[COLLECTED DATA]

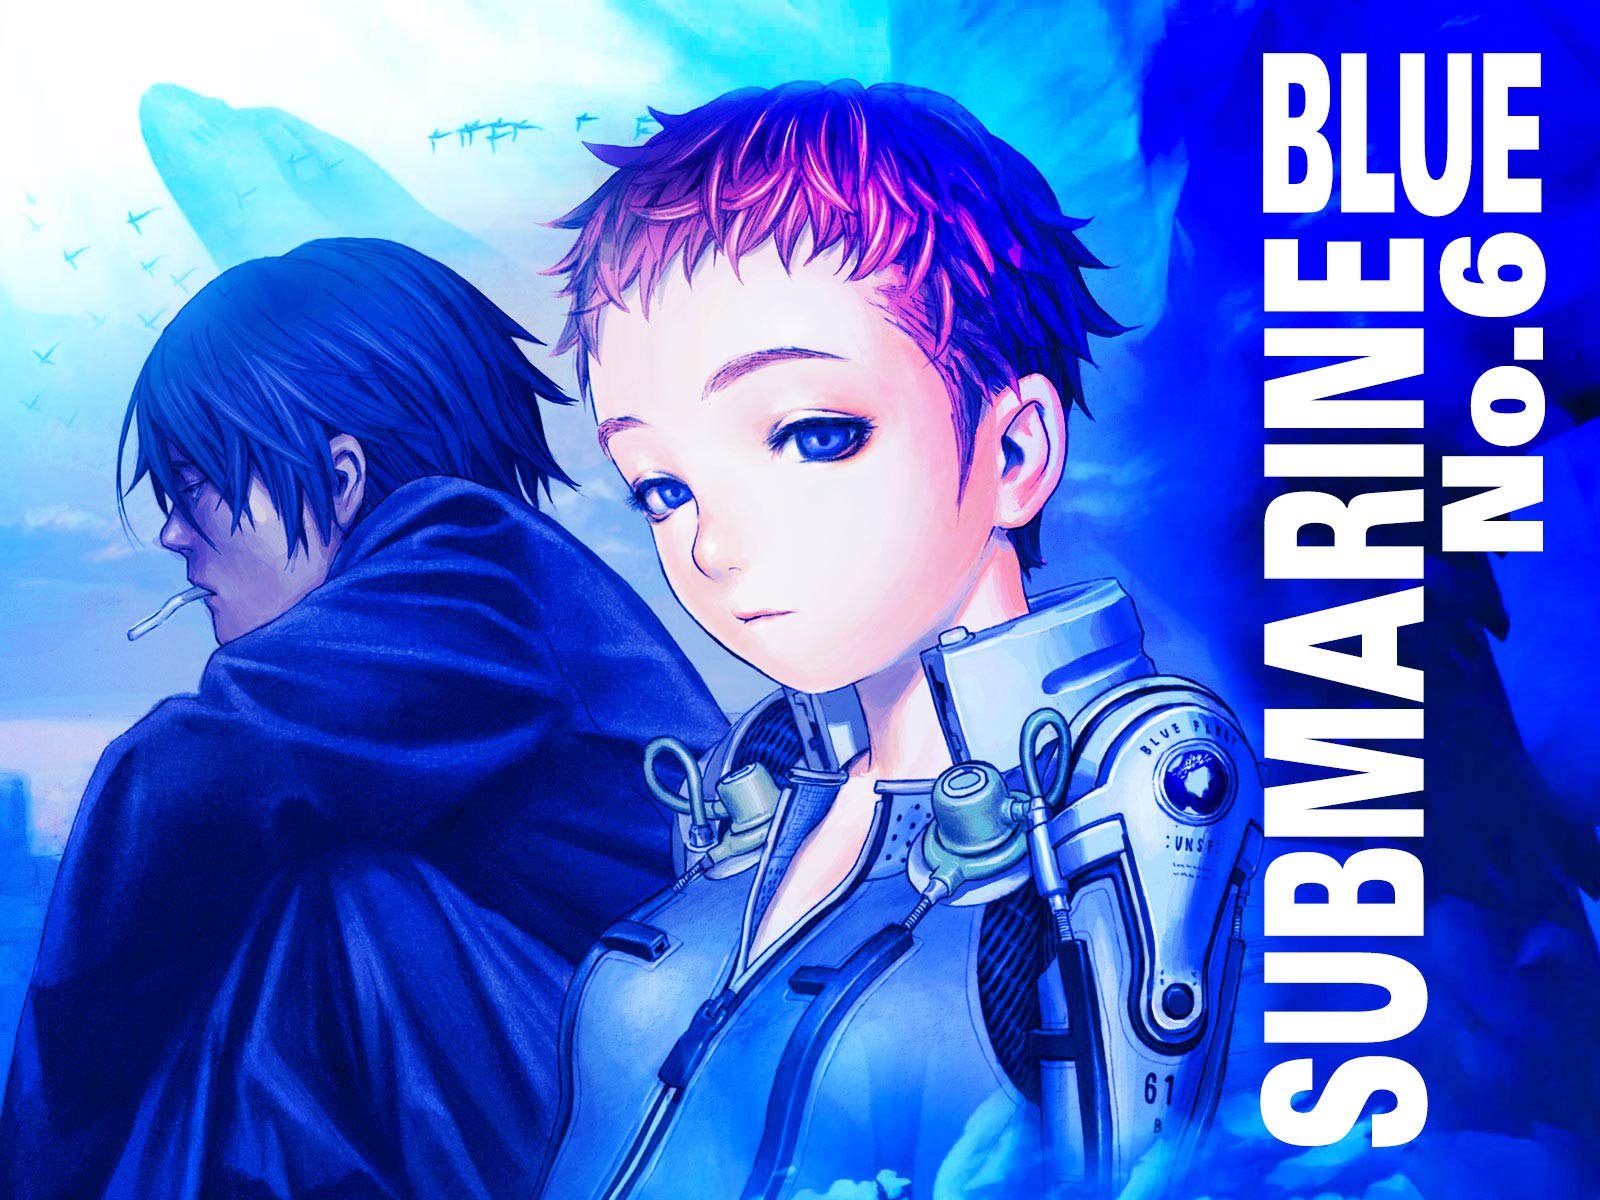 Blue Submarine No.6 Wallpapers
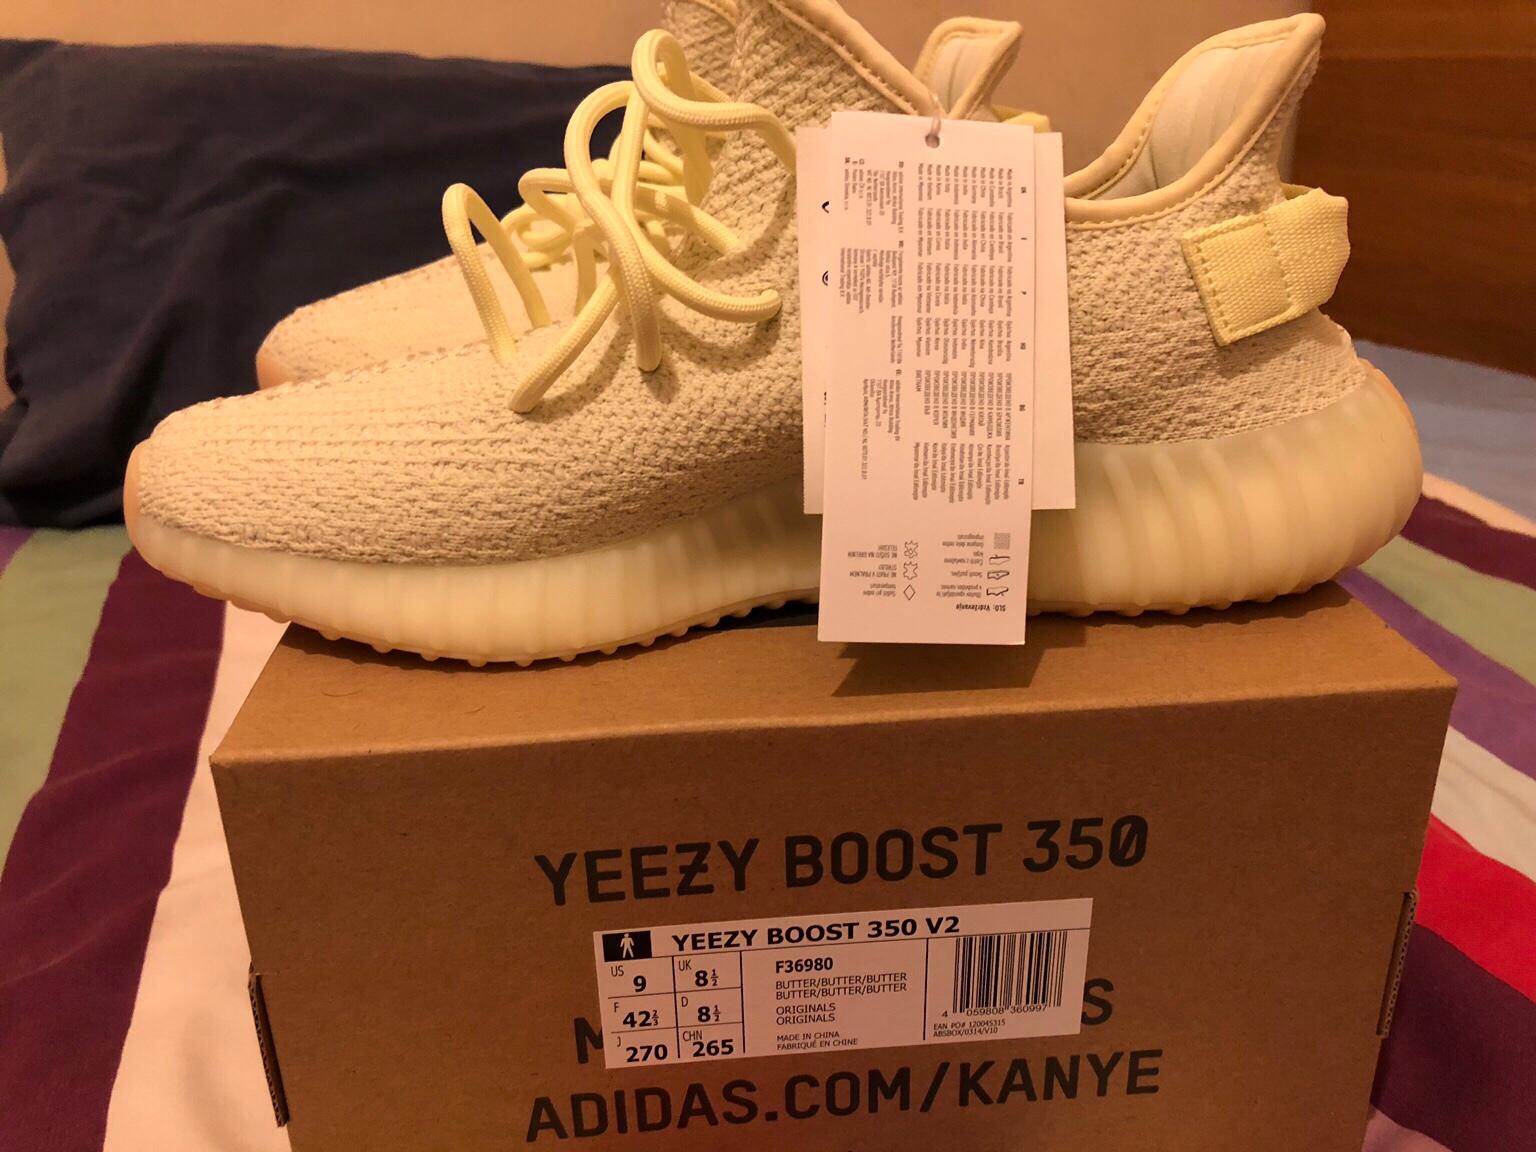 Adidas Yeezy Boost 350 v2 Butter Size 8 
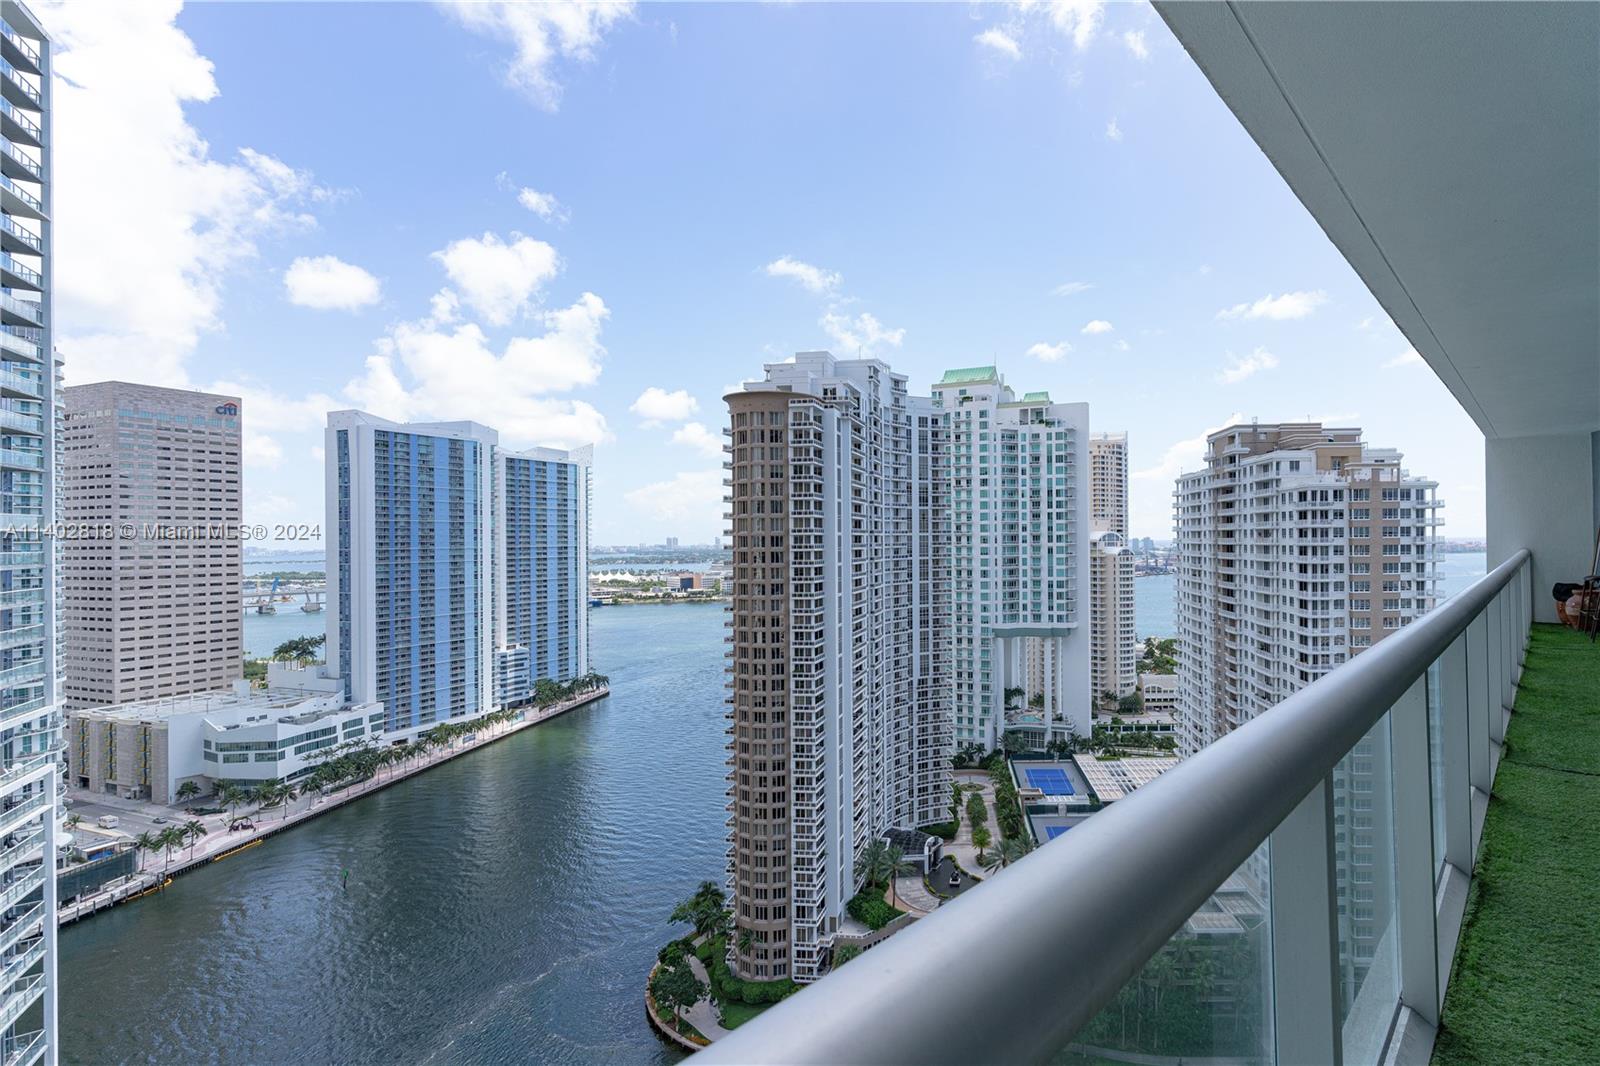 Welcome to Icon Brickell on the 27th floor, where luxury living meets breathtaking bay views. This stunning 2-bedroom, 2-bathroom unit with a Den offers an exceptional rental opportunity. Located in the heart of Brickell, you'll find yourself within walking distance of the finest restaurants and stores that this vibrant neighborhood has to offer. Don't miss your chance to reside in this exceptional residence at Icon Brickell. Experience the convenience of city living combined with unparalleled luxury. Contact us today to schedule a viewing and make this extraordinary rental your new home.

[/COLLECTED DATA]

** WHAT TO WORK ON **
When you retype the data above, match every line exactly and leave the pictures behind.

** ANSWER BELOW **
 Blue Submarine No.6 Wallpapers
 Adidas Yeezy Boost 350 v2 Butter Size 8 
 Welcome to Icon Brickell on the 27th floor, where luxury living meets breathtaking bay views. This stunning 2-bedroom, 2-bathroom unit with a Den offers an exceptional rental opportunity. Located in the heart of Brickell, you'll find yourself within walking distance of the finest restaurants and stores that this vibrant neighborhood has to offer. Don't miss your chance to reside in this exceptional residence at Icon Brickell. Experience the convenience of city living combined with unparalleled luxury. Contact us today to schedule a viewing and make this extraordinary rental your new home.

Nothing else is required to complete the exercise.